[Problem]
Every record that appears below should be transcribed exactly.

(Stored data)

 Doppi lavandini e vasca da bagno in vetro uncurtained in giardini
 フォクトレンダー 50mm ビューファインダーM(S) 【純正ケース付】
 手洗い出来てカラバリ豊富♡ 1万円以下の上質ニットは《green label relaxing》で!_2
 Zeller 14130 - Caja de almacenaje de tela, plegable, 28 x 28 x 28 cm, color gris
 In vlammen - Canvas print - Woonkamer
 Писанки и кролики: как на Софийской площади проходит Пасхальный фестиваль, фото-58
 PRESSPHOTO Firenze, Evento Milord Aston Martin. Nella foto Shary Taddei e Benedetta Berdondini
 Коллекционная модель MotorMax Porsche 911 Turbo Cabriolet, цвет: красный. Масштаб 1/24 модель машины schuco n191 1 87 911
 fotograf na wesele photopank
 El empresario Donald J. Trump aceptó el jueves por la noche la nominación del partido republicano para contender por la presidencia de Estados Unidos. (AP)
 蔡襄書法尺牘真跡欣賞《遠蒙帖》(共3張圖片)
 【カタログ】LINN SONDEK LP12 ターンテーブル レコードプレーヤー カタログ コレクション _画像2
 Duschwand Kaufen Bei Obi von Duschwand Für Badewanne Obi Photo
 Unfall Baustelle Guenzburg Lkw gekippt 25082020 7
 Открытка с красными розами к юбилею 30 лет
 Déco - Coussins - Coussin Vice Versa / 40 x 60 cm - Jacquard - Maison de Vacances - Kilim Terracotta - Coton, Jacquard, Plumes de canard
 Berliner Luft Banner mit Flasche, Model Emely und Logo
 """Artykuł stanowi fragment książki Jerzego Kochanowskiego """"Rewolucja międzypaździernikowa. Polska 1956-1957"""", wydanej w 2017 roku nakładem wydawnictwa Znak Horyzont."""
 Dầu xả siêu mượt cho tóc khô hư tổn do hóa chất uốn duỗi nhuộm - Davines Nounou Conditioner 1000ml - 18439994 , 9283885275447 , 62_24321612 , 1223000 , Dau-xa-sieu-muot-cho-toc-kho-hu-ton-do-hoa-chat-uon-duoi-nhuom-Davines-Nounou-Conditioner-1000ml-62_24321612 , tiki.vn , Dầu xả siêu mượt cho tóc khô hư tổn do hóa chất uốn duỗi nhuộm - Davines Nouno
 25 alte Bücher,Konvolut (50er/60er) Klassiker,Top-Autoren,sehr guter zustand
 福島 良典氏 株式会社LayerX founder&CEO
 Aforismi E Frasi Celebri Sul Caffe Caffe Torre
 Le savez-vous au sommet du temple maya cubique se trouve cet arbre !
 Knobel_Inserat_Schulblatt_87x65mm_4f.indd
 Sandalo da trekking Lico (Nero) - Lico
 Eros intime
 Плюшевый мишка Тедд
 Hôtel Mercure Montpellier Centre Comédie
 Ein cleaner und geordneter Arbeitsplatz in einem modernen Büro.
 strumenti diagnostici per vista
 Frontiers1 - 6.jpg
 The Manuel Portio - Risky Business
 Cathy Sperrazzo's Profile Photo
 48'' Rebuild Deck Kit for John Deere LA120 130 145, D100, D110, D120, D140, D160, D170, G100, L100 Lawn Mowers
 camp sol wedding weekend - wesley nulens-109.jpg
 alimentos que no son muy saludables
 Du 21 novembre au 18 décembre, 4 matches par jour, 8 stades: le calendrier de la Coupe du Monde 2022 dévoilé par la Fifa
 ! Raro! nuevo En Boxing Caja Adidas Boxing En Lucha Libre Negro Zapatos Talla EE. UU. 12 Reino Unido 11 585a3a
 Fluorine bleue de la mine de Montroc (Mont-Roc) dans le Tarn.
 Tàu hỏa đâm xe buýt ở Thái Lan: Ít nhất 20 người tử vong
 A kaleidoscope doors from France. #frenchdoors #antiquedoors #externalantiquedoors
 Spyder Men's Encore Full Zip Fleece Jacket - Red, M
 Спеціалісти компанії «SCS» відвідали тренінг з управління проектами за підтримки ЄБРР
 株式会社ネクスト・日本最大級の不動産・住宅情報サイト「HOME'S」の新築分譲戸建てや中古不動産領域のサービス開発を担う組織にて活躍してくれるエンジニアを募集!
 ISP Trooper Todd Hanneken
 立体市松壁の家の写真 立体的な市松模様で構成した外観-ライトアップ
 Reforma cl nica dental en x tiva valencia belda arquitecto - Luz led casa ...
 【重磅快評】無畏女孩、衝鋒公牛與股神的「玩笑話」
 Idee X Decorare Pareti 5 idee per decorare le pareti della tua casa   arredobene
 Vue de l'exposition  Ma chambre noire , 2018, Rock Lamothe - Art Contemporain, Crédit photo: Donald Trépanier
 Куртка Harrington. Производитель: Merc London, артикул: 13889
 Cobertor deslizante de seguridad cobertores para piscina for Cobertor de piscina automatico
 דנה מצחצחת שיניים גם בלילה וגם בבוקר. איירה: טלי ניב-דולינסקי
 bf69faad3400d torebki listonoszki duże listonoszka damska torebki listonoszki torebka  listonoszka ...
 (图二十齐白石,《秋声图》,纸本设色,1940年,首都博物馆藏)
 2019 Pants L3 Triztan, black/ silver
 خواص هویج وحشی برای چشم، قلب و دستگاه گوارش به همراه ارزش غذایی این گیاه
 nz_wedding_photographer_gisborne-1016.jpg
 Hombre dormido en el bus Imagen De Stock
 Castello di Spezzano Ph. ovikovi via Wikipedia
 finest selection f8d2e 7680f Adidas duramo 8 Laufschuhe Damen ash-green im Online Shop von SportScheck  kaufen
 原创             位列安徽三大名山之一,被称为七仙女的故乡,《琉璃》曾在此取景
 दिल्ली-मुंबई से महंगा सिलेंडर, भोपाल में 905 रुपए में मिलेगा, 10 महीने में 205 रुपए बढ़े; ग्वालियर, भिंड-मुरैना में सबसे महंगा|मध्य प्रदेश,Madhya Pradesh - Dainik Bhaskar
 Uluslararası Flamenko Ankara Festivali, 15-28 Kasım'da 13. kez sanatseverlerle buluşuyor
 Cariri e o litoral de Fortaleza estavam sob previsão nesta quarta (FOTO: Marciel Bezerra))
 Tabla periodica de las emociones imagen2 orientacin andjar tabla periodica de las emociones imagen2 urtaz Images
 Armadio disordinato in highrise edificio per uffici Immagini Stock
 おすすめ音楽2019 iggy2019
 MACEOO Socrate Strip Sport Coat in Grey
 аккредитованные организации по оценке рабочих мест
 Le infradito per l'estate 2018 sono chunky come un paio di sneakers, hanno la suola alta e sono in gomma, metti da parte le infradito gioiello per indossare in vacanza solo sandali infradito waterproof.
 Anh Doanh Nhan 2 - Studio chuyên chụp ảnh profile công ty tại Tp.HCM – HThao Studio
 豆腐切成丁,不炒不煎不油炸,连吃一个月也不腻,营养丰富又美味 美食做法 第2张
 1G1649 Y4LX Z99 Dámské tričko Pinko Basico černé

[Response area]
 Doppi lavandini e vasca da bagno in vetro uncurtained in giardini
 フォクトレンダー 50mm ビューファインダーM(S) 【純正ケース付】
 手洗い出来てカラバリ豊富♡ 1万円以下の上質ニットは《green label relaxing》で!_2
 Zeller 14130 - Caja de almacenaje de tela, plegable, 28 x 28 x 28 cm, color gris
 In vlammen - Canvas print - Woonkamer
 Писанки и кролики: как на Софийской площади проходит Пасхальный фестиваль, фото-58
 PRESSPHOTO Firenze, Evento Milord Aston Martin. Nella foto Shary Taddei e Benedetta Berdondini
 Коллекционная модель MotorMax Porsche 911 Turbo Cabriolet, цвет: красный. Масштаб 1/24 модель машины schuco n191 1 87 911
 fotograf na wesele photopank
 El empresario Donald J. Trump aceptó el jueves por la noche la nominación del partido republicano para contender por la presidencia de Estados Unidos. (AP)
 蔡襄書法尺牘真跡欣賞《遠蒙帖》(共3張圖片)
 【カタログ】LINN SONDEK LP12 ターンテーブル レコードプレーヤー カタログ コレクション _画像2
 Duschwand Kaufen Bei Obi von Duschwand Für Badewanne Obi Photo
 Unfall Baustelle Guenzburg Lkw gekippt 25082020 7
 Открытка с красными розами к юбилею 30 лет
 Déco - Coussins - Coussin Vice Versa / 40 x 60 cm - Jacquard - Maison de Vacances - Kilim Terracotta - Coton, Jacquard, Plumes de canard
 Berliner Luft Banner mit Flasche, Model Emely und Logo
 """Artykuł stanowi fragment książki Jerzego Kochanowskiego """"Rewolucja międzypaździernikowa. Polska 1956-1957"""", wydanej w 2017 roku nakładem wydawnictwa Znak Horyzont."""
 Dầu xả siêu mượt cho tóc khô hư tổn do hóa chất uốn duỗi nhuộm - Davines Nounou Conditioner 1000ml - 18439994 , 9283885275447 , 62_24321612 , 1223000 , Dau-xa-sieu-muot-cho-toc-kho-hu-ton-do-hoa-chat-uon-duoi-nhuom-Davines-Nounou-Conditioner-1000ml-62_24321612 , tiki.vn , Dầu xả siêu mượt cho tóc khô hư tổn do hóa chất uốn duỗi nhuộm - Davines Nouno
 25 alte Bücher,Konvolut (50er/60er) Klassiker,Top-Autoren,sehr guter zustand
 福島 良典氏 株式会社LayerX founder&CEO
 Aforismi E Frasi Celebri Sul Caffe Caffe Torre
 Le savez-vous au sommet du temple maya cubique se trouve cet arbre !
 Knobel_Inserat_Schulblatt_87x65mm_4f.indd
 Sandalo da trekking Lico (Nero) - Lico
 Eros intime
 Плюшевый мишка Тедд
 Hôtel Mercure Montpellier Centre Comédie
 Ein cleaner und geordneter Arbeitsplatz in einem modernen Büro.
 strumenti diagnostici per vista
 Frontiers1 - 6.jpg
 The Manuel Portio - Risky Business
 Cathy Sperrazzo's Profile Photo
 48'' Rebuild Deck Kit for John Deere LA120 130 145, D100, D110, D120, D140, D160, D170, G100, L100 Lawn Mowers
 camp sol wedding weekend - wesley nulens-109.jpg
 alimentos que no son muy saludables
 Du 21 novembre au 18 décembre, 4 matches par jour, 8 stades: le calendrier de la Coupe du Monde 2022 dévoilé par la Fifa
 ! Raro! nuevo En Boxing Caja Adidas Boxing En Lucha Libre Negro Zapatos Talla EE. UU. 12 Reino Unido 11 585a3a
 Fluorine bleue de la mine de Montroc (Mont-Roc) dans le Tarn.
 Tàu hỏa đâm xe buýt ở Thái Lan: Ít nhất 20 người tử vong
 A kaleidoscope doors from France. #frenchdoors #antiquedoors #externalantiquedoors
 Spyder Men's Encore Full Zip Fleece Jacket - Red, M
 Спеціалісти компанії «SCS» відвідали тренінг з управління проектами за підтримки ЄБРР
 株式会社ネクスト・日本最大級の不動産・住宅情報サイト「HOME'S」の新築分譲戸建てや中古不動産領域のサービス開発を担う組織にて活躍してくれるエンジニアを募集!
 ISP Trooper Todd Hanneken
 立体市松壁の家の写真 立体的な市松模様で構成した外観-ライトアップ
 Reforma cl nica dental en x tiva valencia belda arquitecto - Luz led casa ...
 【重磅快評】無畏女孩、衝鋒公牛與股神的「玩笑話」
 Idee X Decorare Pareti 5 idee per decorare le pareti della tua casa   arredobene
 Vue de l'exposition  Ma chambre noire , 2018, Rock Lamothe - Art Contemporain, Crédit photo: Donald Trépanier
 Куртка Harrington. Производитель: Merc London, артикул: 13889
 Cobertor deslizante de seguridad cobertores para piscina for Cobertor de piscina automatico
 דנה מצחצחת שיניים גם בלילה וגם בבוקר. איירה: טלי ניב-דולינסקי
 bf69faad3400d torebki listonoszki duże listonoszka damska torebki listonoszki torebka  listonoszka ...
 (图二十齐白石,《秋声图》,纸本设色,1940年,首都博物馆藏)
 2019 Pants L3 Triztan, black/ silver
 خواص هویج وحشی برای چشم، قلب و دستگاه گوارش به همراه ارزش غذایی این گیاه
 nz_wedding_photographer_gisborne-1016.jpg
 Hombre dormido en el bus Imagen De Stock
 Castello di Spezzano Ph. ovikovi via Wikipedia
 finest selection f8d2e 7680f Adidas duramo 8 Laufschuhe Damen ash-green im Online Shop von SportScheck  kaufen
 原创             位列安徽三大名山之一,被称为七仙女的故乡,《琉璃》曾在此取景
 दिल्ली-मुंबई से महंगा सिलेंडर, भोपाल में 905 रुपए में मिलेगा, 10 महीने में 205 रुपए बढ़े; ग्वालियर, भिंड-मुरैना में सबसे महंगा|मध्य प्रदेश,Madhya Pradesh - Dainik Bhaskar
 Uluslararası Flamenko Ankara Festivali, 15-28 Kasım'da 13. kez sanatseverlerle buluşuyor
 Cariri e o litoral de Fortaleza estavam sob previsão nesta quarta (FOTO: Marciel Bezerra))
 Tabla periodica de las emociones imagen2 orientacin andjar tabla periodica de las emociones imagen2 urtaz Images
 Armadio disordinato in highrise edificio per uffici Immagini Stock
 おすすめ音楽2019 iggy2019
 MACEOO Socrate Strip Sport Coat in Grey
 аккредитованные организации по оценке рабочих мест
 Le infradito per l'estate 2018 sono chunky come un paio di sneakers, hanno la suola alta e sono in gomma, metti da parte le infradito gioiello per indossare in vacanza solo sandali infradito waterproof.
 Anh Doanh Nhan 2 - Studio chuyên chụp ảnh profile công ty tại Tp.HCM – HThao Studio
 豆腐切成丁,不炒不煎不油炸,连吃一个月也不腻,营养丰富又美味 美食做法 第2张
 1G1649 Y4LX Z99 Dámské tričko Pinko Basico černé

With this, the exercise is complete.